🤖 AI Summary
This work addresses the challenge of conversion prediction in online advertising under strict privacy constraints, where only a candidate set of clicks (attribution set) associated with each conversion is observable, without explicit click-to-conversion links. The authors propose the first unbiased loss estimation method tailored to this attribution-set setting, constructing an unbiased estimator of the population risk by leveraging both the structure of attribution sets and prior distributional knowledge. Learning is then performed via empirical risk minimization based on this estimator. The approach is robust to inaccuracies in prior estimation and exhibits improved performance as the informativeness of the prior increases. Experimental results demonstrate that the method significantly outperforms existing heuristic strategies on standard benchmarks, with particularly pronounced gains when attribution sets are large or highly overlapping.
📝 Abstract
We address the problem of training conversion prediction models in advertising domains under privacy constraints, where direct links between ad clicks and conversions are unavailable.

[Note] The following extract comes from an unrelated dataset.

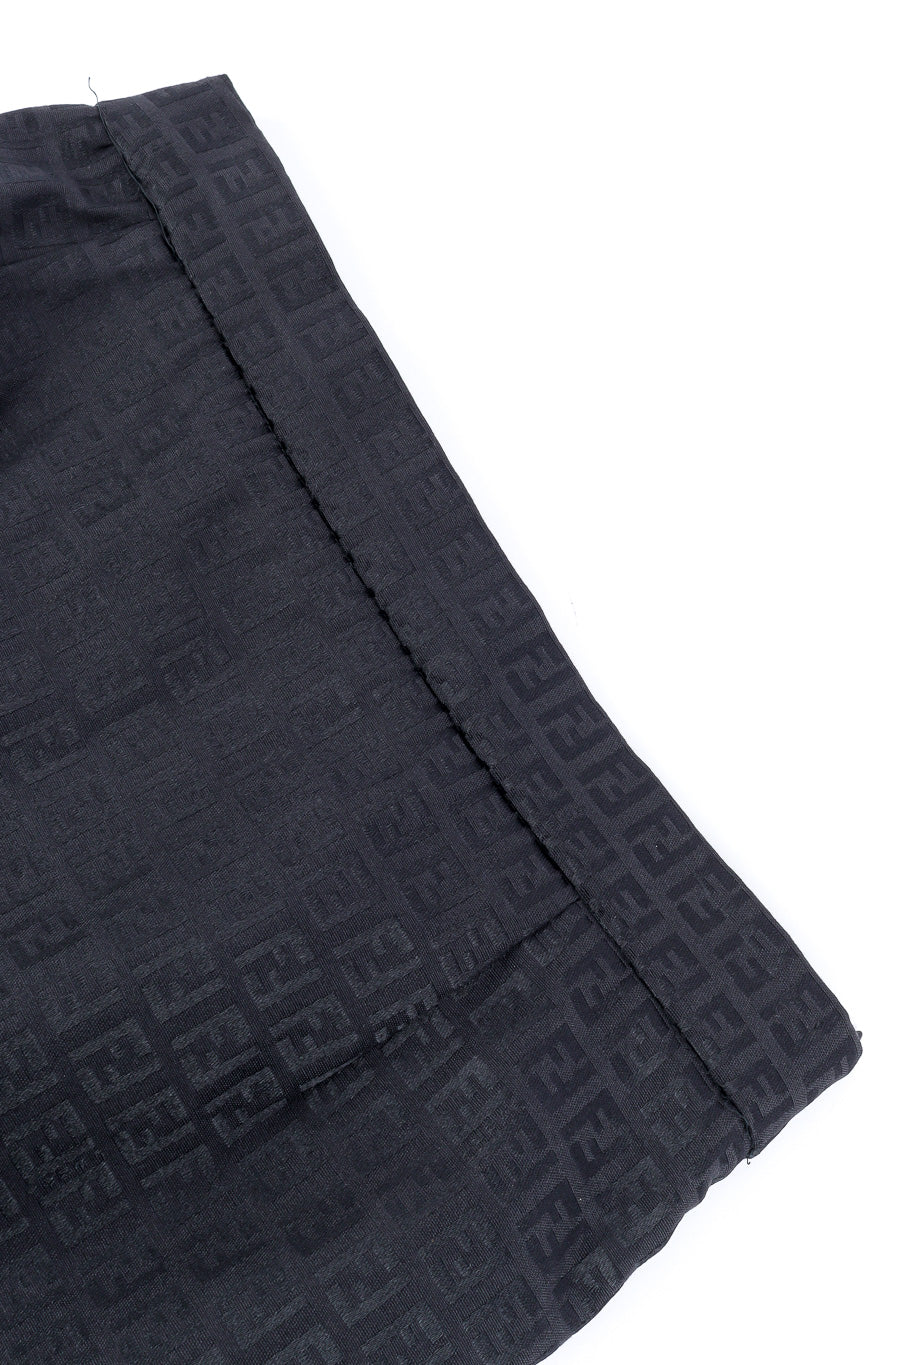 Fendi zucca monogram pencil skirt waistline detail @recessla

Motivated by privacy-preserving browser APIs and the deprecation of third-party cookies, we study a setting where the learner observes a sequence of clicks and a sequence of conversions, but can only link a conversion to a set of candidate clicks (an attribution set) rather than a unique source. We formalize this as learning from attribution sets generated by an oblivious adversary equipped with a prior distribution over the candidates. Despite the lack of explicit labels, we construct an unbiased estimator of the population loss from these coarse signals via a novel approach. Leveraging this estimator, we show that Empirical Risk Minimization achieves generalization guarantees that scale with the informativeness of the prior and is also robust against estimation errors in the prior, despite complex dependencies among attribution sets. Simple empirical evaluations on standard datasets suggest our unbiased approach significantly outperforms common industry heuristics, particularly in regimes where attribution sets are large or overlapping.